This quarter has been busy. Very busy. I'm taking 17 credithours. It's intense. And I've been busy outside of class.
Anyway, I got back to my room a couple hours ago after heading to town. I went to 1) drop of a disc of pictures, 2) get some new jeans! and 3) setup a computer for my dad.
The first is
a series of pictures I took for a sculptor on the dedication of her statue, which looks something like this (I'm not good at making up names. Also, I think that the photos should stand on their own without needing a title, only a description of when and where):

Except for the above, the pictures in this post are unrelated to the content, simply recent uploads I want to share, so it's pretty as you scroll by, like the next one below (which I suppose is also the only other exception) and is larger because it is more stunning that way (seriously, it's more stunning the bigger it is; making it small gets rid of the Depth of Field):

The second are a pair of Levi 501s and a pair of 505s.
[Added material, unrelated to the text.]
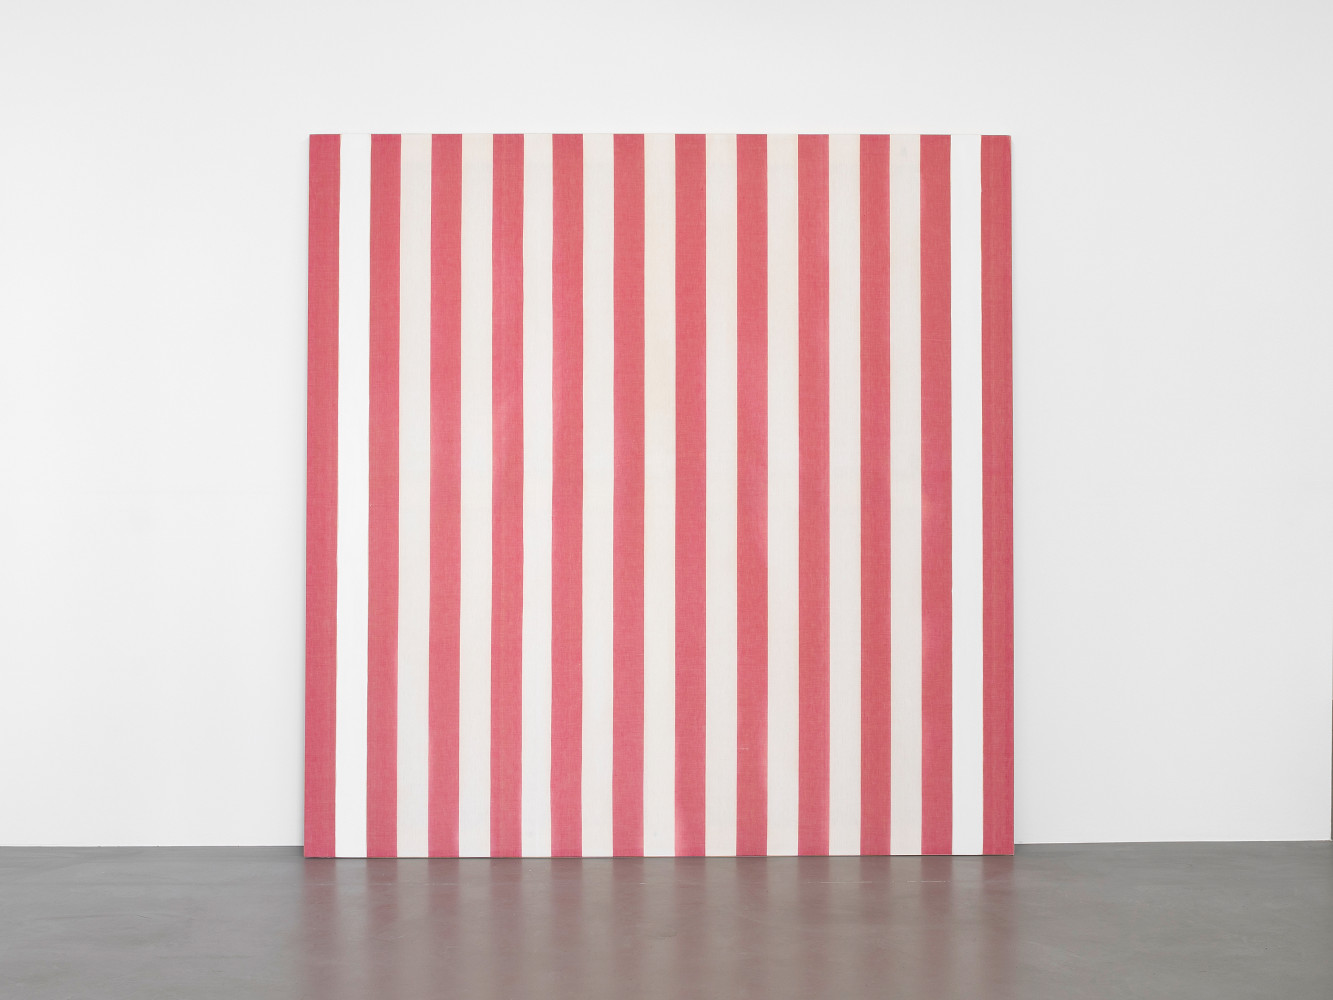 Daniel Buren, ‘Peinture acrylique blanche sur tissu rayé blanc et rouge’, 1969, Acrylic on awning fabric
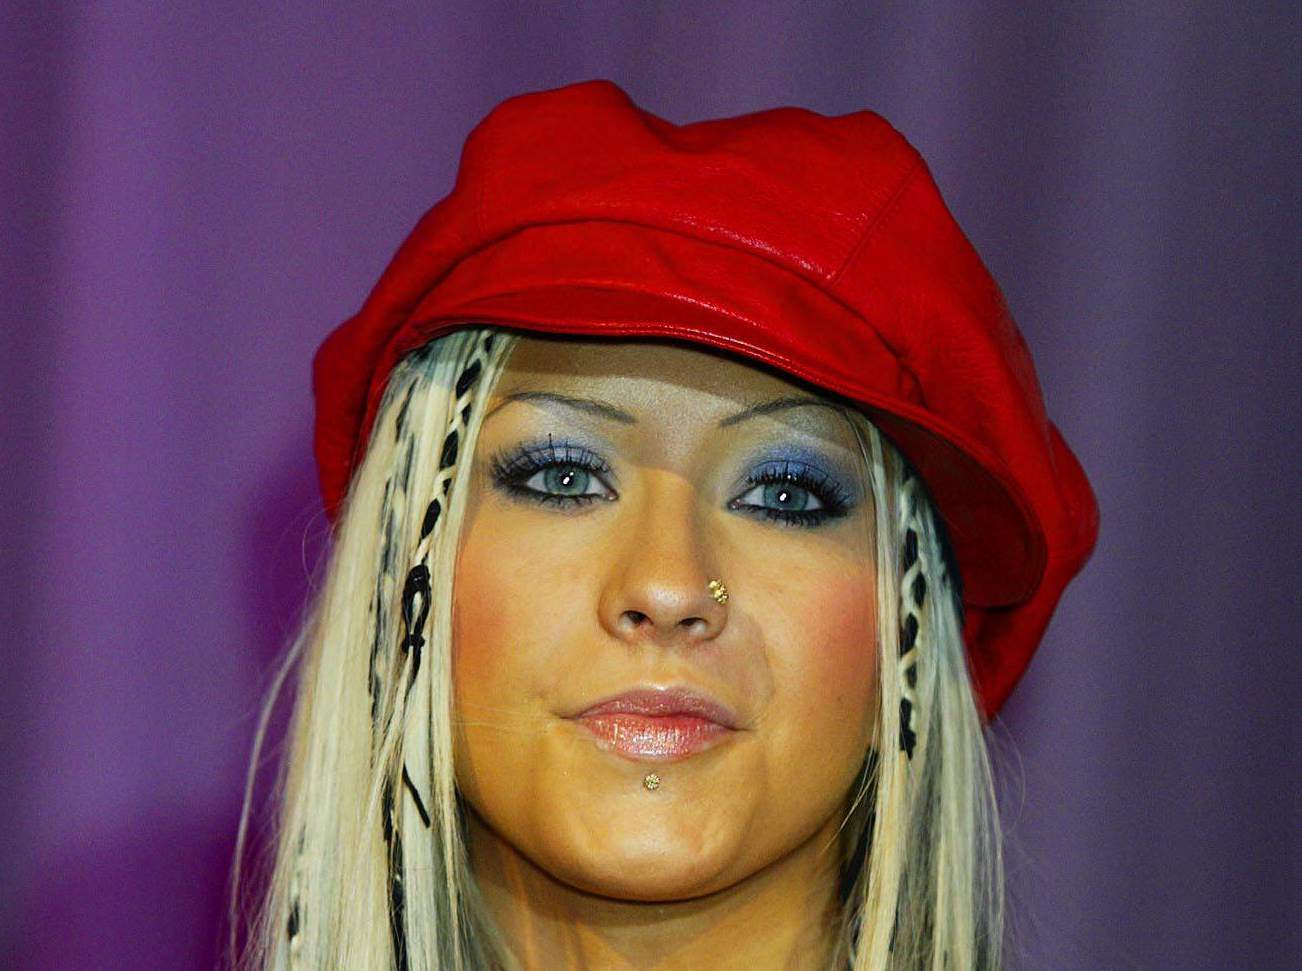 Christina Aguilera debuts new single 'Dirrty' at photocall at Sway

Classic blue denim. They'll last a year each before the knees get holy like the pair they replace, like the pair that replaced the one before it, like the pair those replaced …

Three: My dad has a great MacBook Pro. It's better than mine, as well as quieter when running Flash. It runs OSX. He recently also started a job as a realtor, and many of the websites he needs to use are the sort that require IE. I tried every free option I could think of: I tried Safari, Firefox, Opera, and even IE for Mac (5.2; it sucked even back in the day when it was the only Mac OS browser). I tried spoofing the user agent strings. I even tried using WINE and running IE through that, but that didn't work either. It was crashy — too crashy for even me to use. I finally gave up after I was unable to get a virtual machine to do the trick, recommending Parallels as an option (I wanted it to be mobile, and there was no way in hell I was giving him back his old laptop — it was too slow and too loud.
I went home this evening to drop off the aforementioned disc, got two pairs of jeans, and a tasty salmon dinner. At home, I dredged up an old desktop machine (slimline tower), because this seemed like a decent solution. I had a computer in the basement, as well as an extra keyboard and monitor (one of my two 19" Samsung SXGA TFTs), so I set him up with a 2.0 Ghz Celeron "Northwood" running Win 7. I had a bit of trouble getting the first drive to boot, so I replaced it with something newer. It's an adequate, functional computer and runs 7 just fine, if a little sluggish — but it's better than XP by leaps and bounds. It'll do the job of printing and accessing ActiveX websites, and it was a problem taken care of with parts I had on hand.

Also a new addition, I got a replacement for my crappy RAZR (which was stolen). I used my backup Nokia 1208 for a couple weeks, but I now have a 2007 HTC T-Mobile Shadow, care of
kistaro. It's a good phone, and my first experience with Windows Mobile (apart from playing with my ex's WM5 Motorola Q briefly a couple years ago, but that was a poor experience to say the least). It's slick, but it's been easy to get used to.
It has good battery life with an extra large 3rd party battery, wi-fi for email (my router's WiFi magically started working again, AND I got the G router I was lent working as an access point tied to my hub), and is a decent crossover device. Actually, it's much nicer than the BlackBerry Perl with which I started this contract — faster, more intuitive, more versatile, and more useful, and while it does have a little bit of chunky and clunky, I'm getting more used to the interface; it has its quirks, but it's nothing that I can't ignore as a developer. It's no iPhone, but it's not supposed to be — it does its job just fine, has no touch screen, and does my Email. It can even automatically switch from "normal" to "vibrate" modes based on my calendar.
Actually, I've found that the killer app for it is
Google's sync. Google employs an exchange server to copy contacts, calendars, and send and receive email, so moving into the new phone was as easy as setting up Google as an exchange server and
BAM! all my contacts and my inbox are there on my phone. I read a message and it marks it read in my inbox. Since I use Gmail's IMAP server for my desktop client, it means that all changes propagate across all devices. Even better than that is the fact that I have iCal linked with Google Calendars via WebDAV, and Address Book syncs to Google as well, so I add a contact on my phone, and he or she appears on my computer. Honestly, this is exactly how computing is supposed to be.
Additionally, it would have been an absolute nightmare trying to coerce Windows Mobile into syncing with anything non-windows-mobile, since I'm almost exclusively Mac/linux.

So, I've been using it to stream internet radio while I sleep (a laptop is overkill for this), and I've got an ebook reader installed on it, too (the Window Mobile version is much nicer than the BlackBerry one). It used to be so nice to be able to have books with me on the bus — especially since I don't like carrying many things with me, and when the Blackberry died, so did a lot of the reading I did for pleasure. Now I can finally fall asleep again reading stories about Honor Harrington and the Star Kingdom of Mantacore.
So, yeah, Windows Mobile doesn't suck — and this is coming from a Mac/Linux user and a design geek (so it's as close to a ringing endorsement as you'll get from me without torturing me with a BB Storm). Believe it!